Pirates Cove, Tennessee Valley
I don’t often have the opportunity to go back to California, the state where I grew up and lived my first eighteen years. Flights are expensive, time off is scarce, and my wandering eye is always scanning the list of places I haven’t yet been. But my imagination and subconscious pull me back to the golden state often. Remembering the exact shade of firey orange I see from behind eyelids when my head is turned up to the wide, hot sun. Remembering the soft, rolling mountain ranges – cloaked in straw yellow in the fall, scrubby green in spring.
I had never been to the Marin Headlands before, but the sound of my shoes scuffing across gold gravel paths told a different story. The wide trail undulated beneath my legs, legs long retrained for the flat midwest, legs now unaccustomed to even minimal change in elevation. As the trail stretched out ahead of me, a long, winding ramp, it reminded me of what these legs are capable of. Of where these legs belong.

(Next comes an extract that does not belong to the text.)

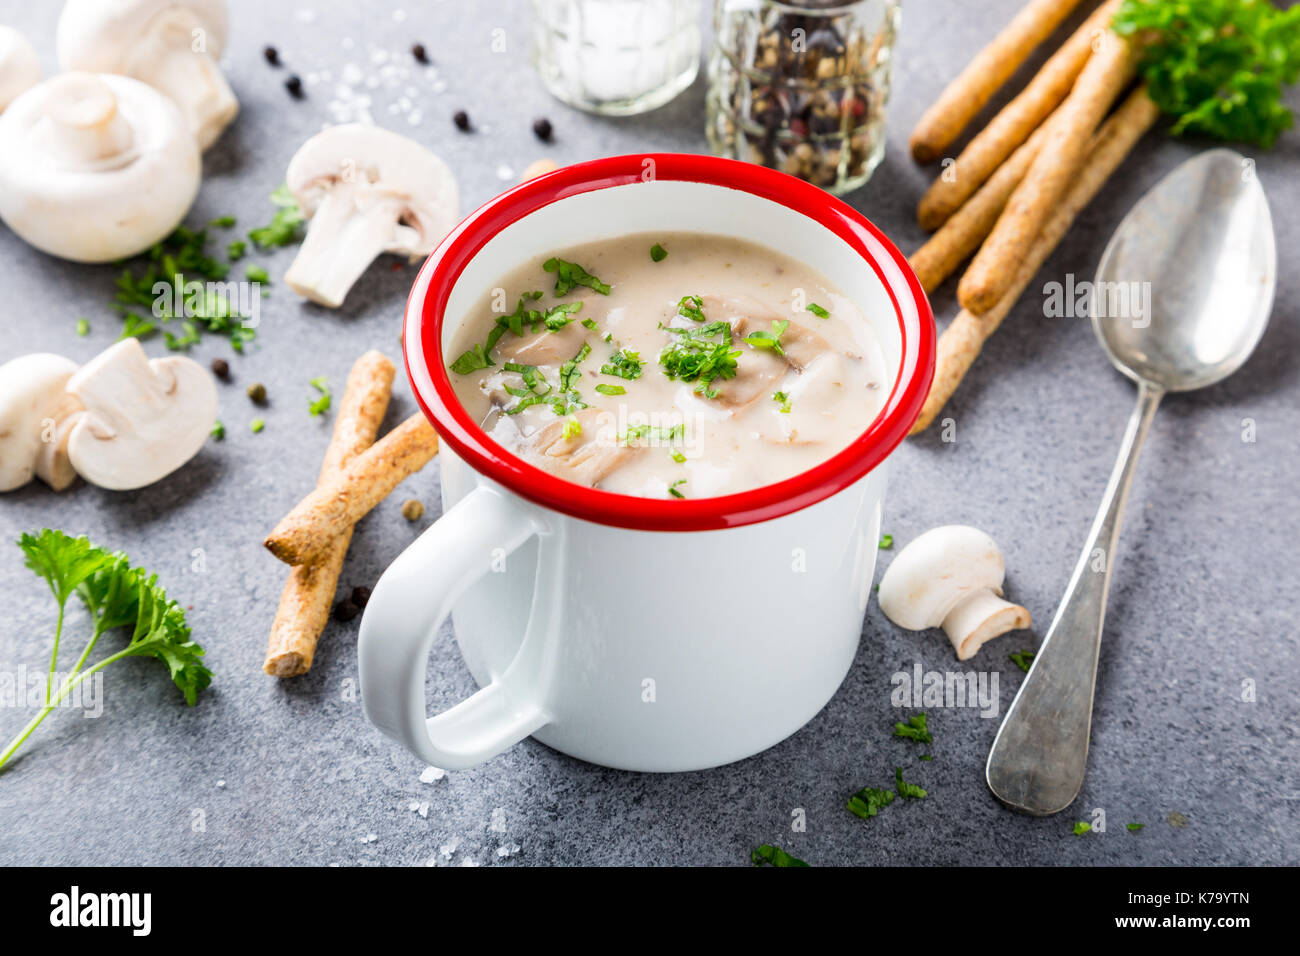 Weiß Emaille Tasse mit köstlichen hausgemachten Pilzen champignons Suppe mit Petersilie. Gesunde Ernährung Konzept. Stockfoto
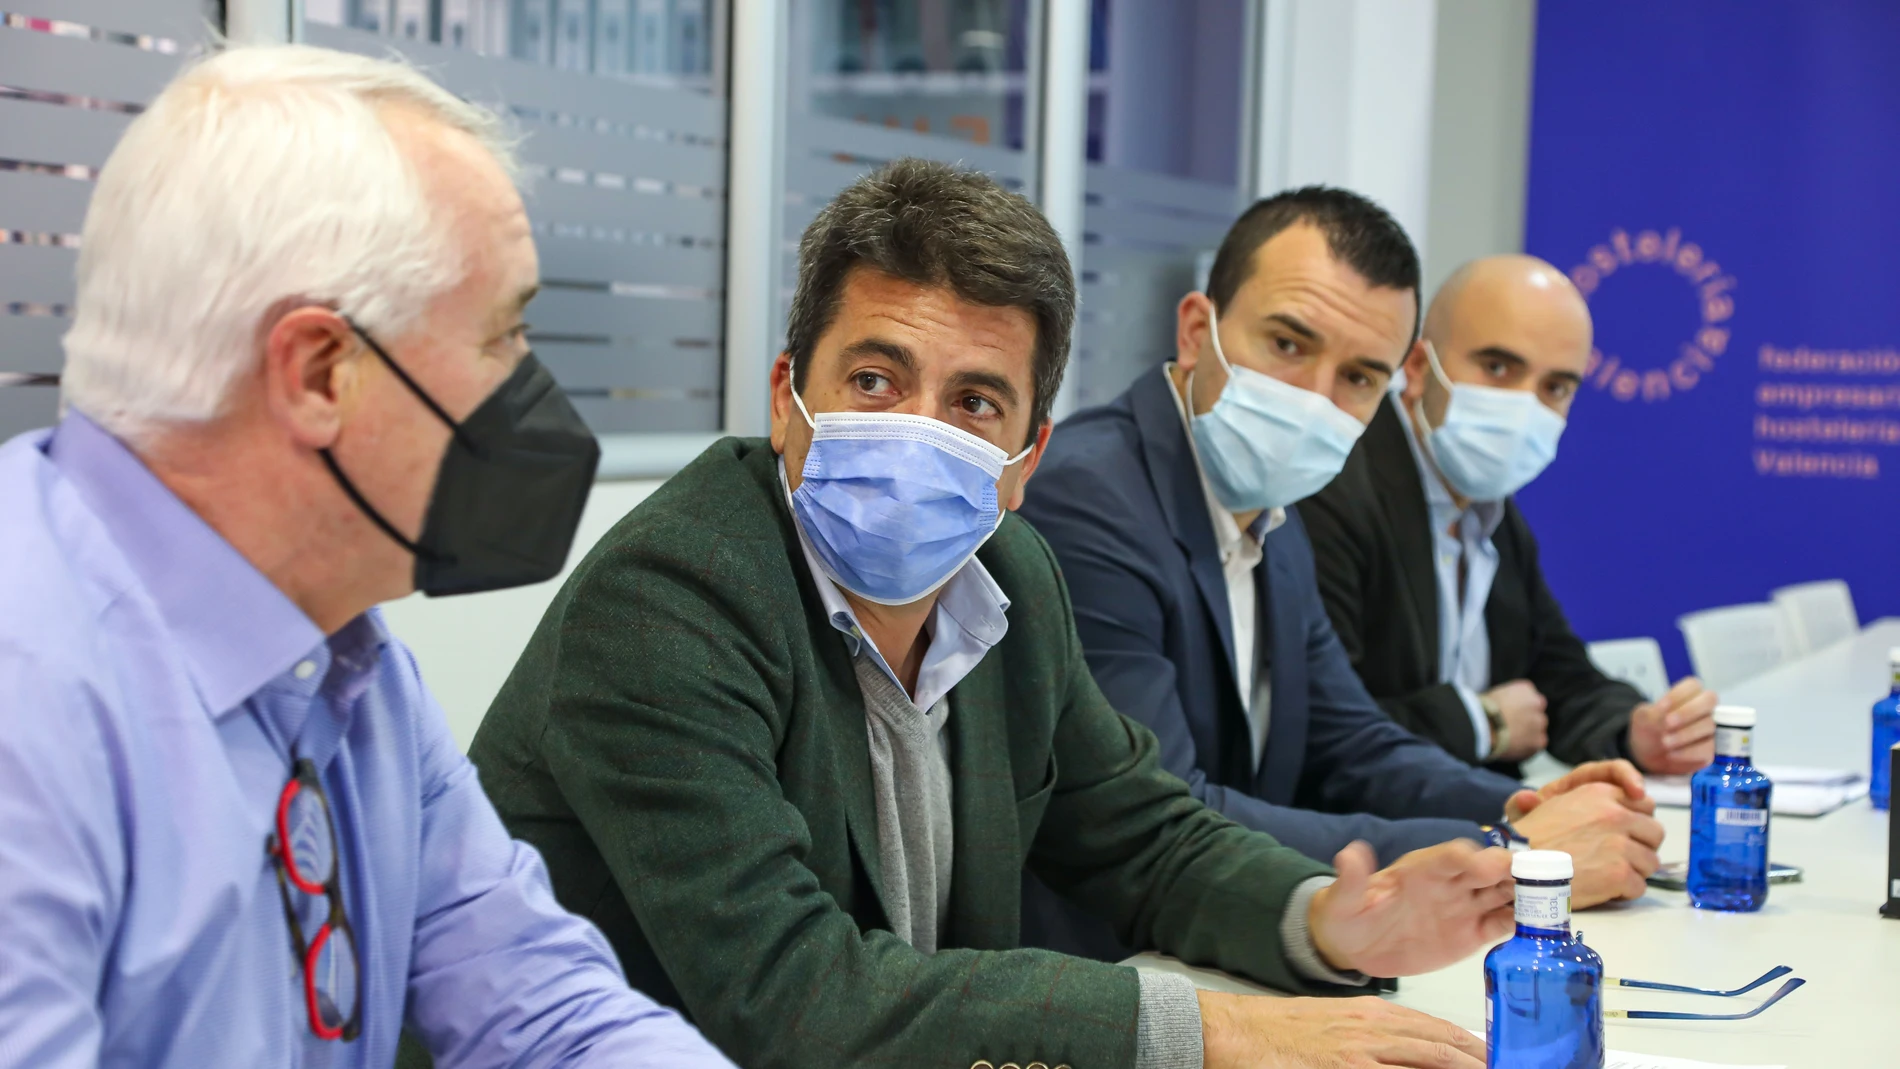 El presidente del PPCV, Carlos Mazón, se reúne con representantes de Conhostur y FEHV y exige a la Generalitat que elimine "ya" las restricciones y lance un "plan renove hostelería"

When we started our hike at the Tennessee Valley trailhead, it was late morning and the gray sky felt heavy. But by the time we caught our first glimpses of the Pacific Ocean, the sun had broken through the cloudcover, reflecting scattered white waves across the bay. The vast ocean, almost unbelievable in scale, unfolded indefinitely toward the horizon. It’s taut shimmer was only broken by the hard diagonals of the headlands. The ridges of land inhaled and exhaled, the chaparral growing in surges of green, the sun pulsing in the veins of the plants’ thin, waxy leaves.
The plunge to Pirates Cove began as stairs etched into the mountainside, and then quickly dissolved into a jumble of broken crag. Scrambling down to the beach, I held tight to each boulder, steadying myself against the earth before shuffling deeper toward the rocky surf. My legs shook involuntarily, already exhausted from the slow steady climb they’d endured, and now being thoroughly tested on the swift descent. But they carried me: past a trickling waterfall, spring runoff on its way to reuniting with the ocean; past native plants and opportunistic newcomers flowering just out of reach; past a mishmash of organic detritus, wooden bits washed up from a tumble in the sea; and finally, over the colony of smooth black stones that lined the curved, sandless cove.
Climbing back up to the trail, back to the sandy path that flexed against the hillside and down into the main valley, I felt held in place. Like the roots of the coastal shrubs holding together the headlands’ rocky soil, like the heavy mountains of earth hugging and holding the edges of the sea, I felt the elements that make up this familiar ecosystem pull me back into it’s tight grasp. The native sedges reached out and tickled my ankles. The giant windswept cypress trees sheltered the trail, catching the first few drops of rain before they could even think to reach my head. I poured myself into the bowl of the Tennessee Valley and felt welcomed, at ease, like I had rediscovered a place that felt like home.